The game started out looking like a laugher; terrible defense and baserunning on both ends and the first inning ended with the Mariners up 4-2.  Then nothing happened for a long time.  Seattle’s Taijuan Williams wasn’t really dominant but the Orioles couldn’t really get a big hit.  Tillman got hit in the arm with a batted ball, and was bad anyway, and was out after 2 1/3, but the usual succession of long relievers shut down Seattle.  I told CJ “this team has an explosive offense and can score a bunch of runs at any time” and just then Adam Jones sneaked one over the left field fence to make it 5-4 and then Chris Davis came up.  He has grown a super-weird mustache, which CJ and I had been admiring on TV at the end of the previous night’s contest.

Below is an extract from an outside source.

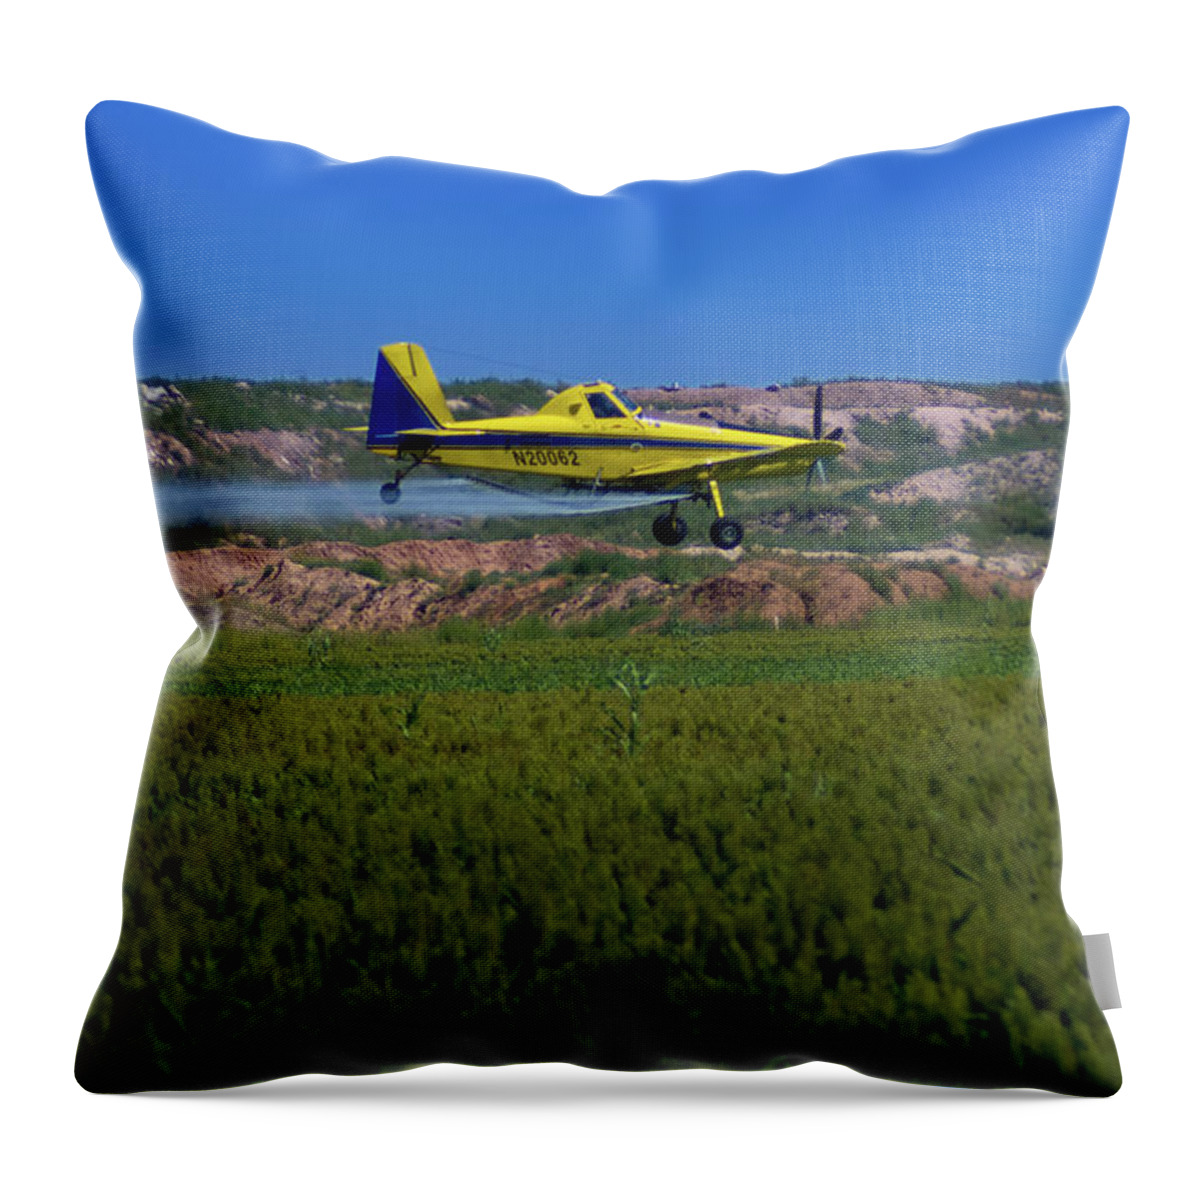 West Texas Throw Pillow featuring the photograph West Texas Airforce by Adam Reinhart

Davis says it helps him hit home runs and I guess so because he immediately launched a no-doubter so far into right it could have beat Ted Cruz in a primary. Maybe the best home run I’ve seen since the grand slam Jim Thome hit against the Orioles at U.S. Cellular. Did I blog that? Oh yeah, I did.

So we’re tied at 5, and we go into extras, T.J. MacFarland coming in for his third inning of work.  He faces the bottom of the order and loads the bases with one out.  Britton pitched 1 2/3 the previous night and is unavailable.  But you have O’Day warmed and ready.  Yes I know you want to save him to close, but at what point do you bring him in?  Would you rather lose with your best reliever waiting in the bullpen?  That’s what happened; McFarland stayed in to face Austin Jackson, who lashed a ball that landed about a centimeter inside the foul line and that was the ballgame.

Unusually bearable loss; much easier to take than if the Orioles had laid down and accepted that they were going to get beat by the runs they allowed in the first.